The one-legged quail today died today. I took him to the brush pile so he would be cremated. I couldn’t allow a varmint to dig him up or eat him.
That quail lived a long time. His leg was taken off when he was just a youngster and he lived his life with a stump. It slowed him down some and he was prohibited from living a regular quail’s life, but nevertheless he endured. His life was a testament to tenaciousness.
The little quail’s death hit especially hard because he was the last living reminder of a good friend who died a few months ago. James was a dairyman who lived about two miles down the road. My daughter milked for him and took care of the rest of his animals: chickens, ducks, pigs, and the quail. As often as I could, I visited the dairy; pitching in by washing eggs or feeding.
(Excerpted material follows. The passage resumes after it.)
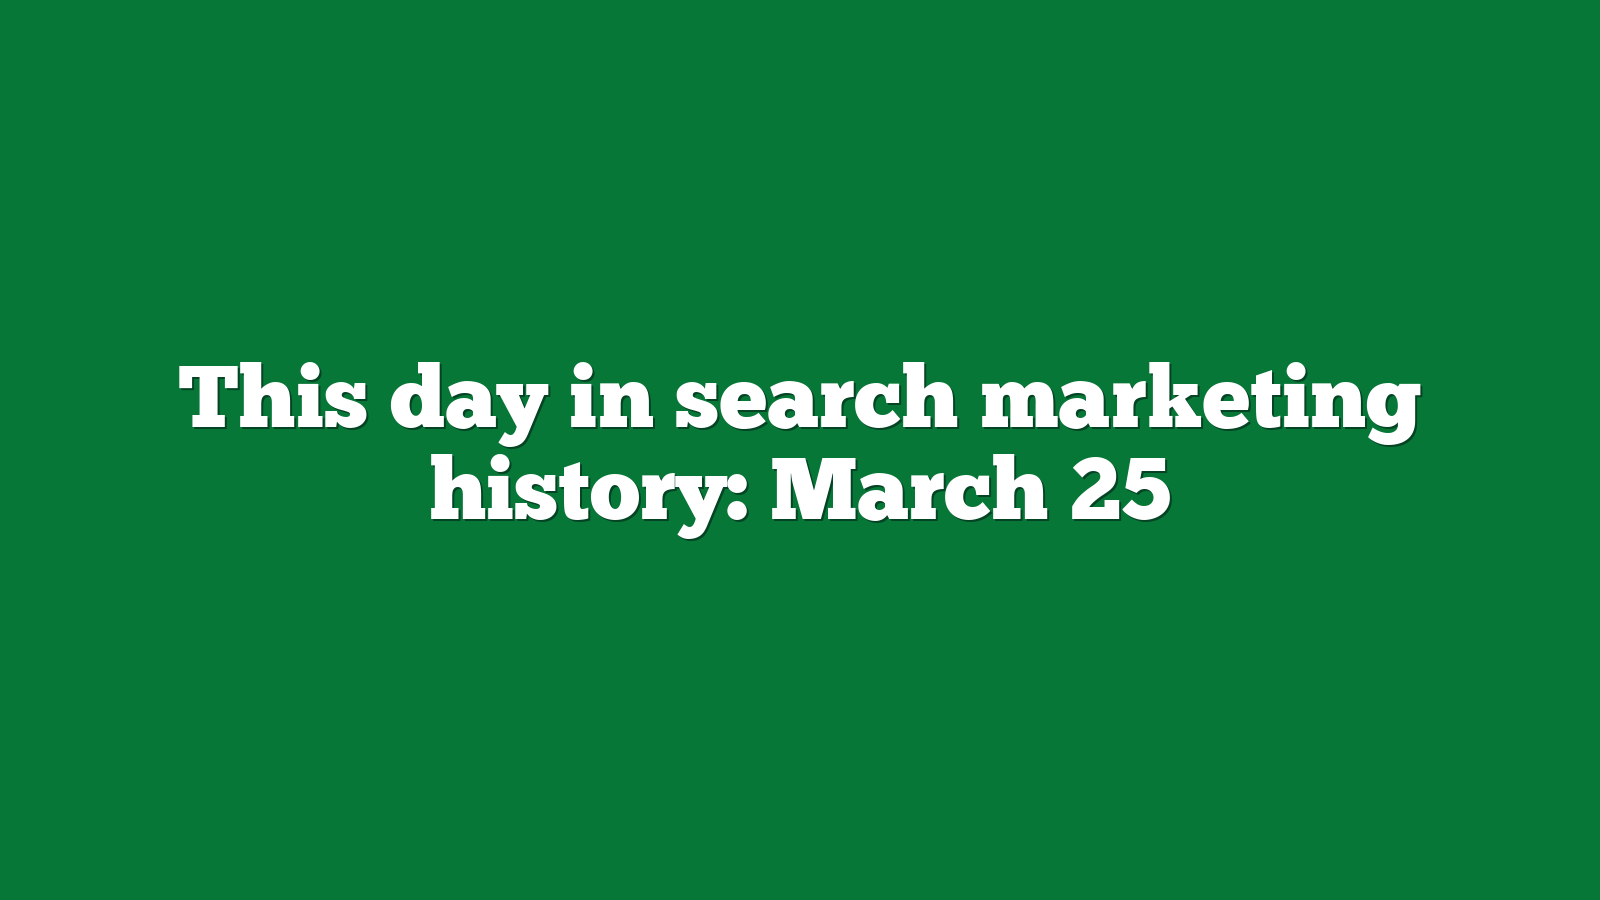 This day in search marketing history March 25

James was a man with big dreams. He had grand plans for his little farm. The quail played a minuscule part in that dream, but he had his appointed role in the scheme of things. James called him his “guard dog”; at night the quail raised a ruckus if anything came around the yard. Then a burst blood vessel cut our friend’s dreams short.
The dairy shut down right after James’ death; all the animals were sold. Saying goodbye to our friend went from difficult to impossible, as we saw all his dreams dismantled.
My daughter brought the crippled quail home. No one else would look after him. To me, the tiny bird stood for a little piece of our friend living on.
He didn’t have a wonderful life; with only one leg he rarely got out of his cage. But he sang nearly every morning and chittered softly whenever we went by. His attitude was always upbeat, and he gave me pleasure just caring for him.
Then one day, he was still, lifeless, and silent. Perhaps the heat was too much for him. Or it was just his time; he was three years old by then.
Losing the little guy was sad. Hardest to take, though, was losing this last reminder of my friend. It brought his loss back to my mind to be felt all over again. I have good memories of James; stories to relate and episodes to relive; buckets and tubs and milk jugs as reminders. But the empty space his death caused is a little larger at the loss of the quail.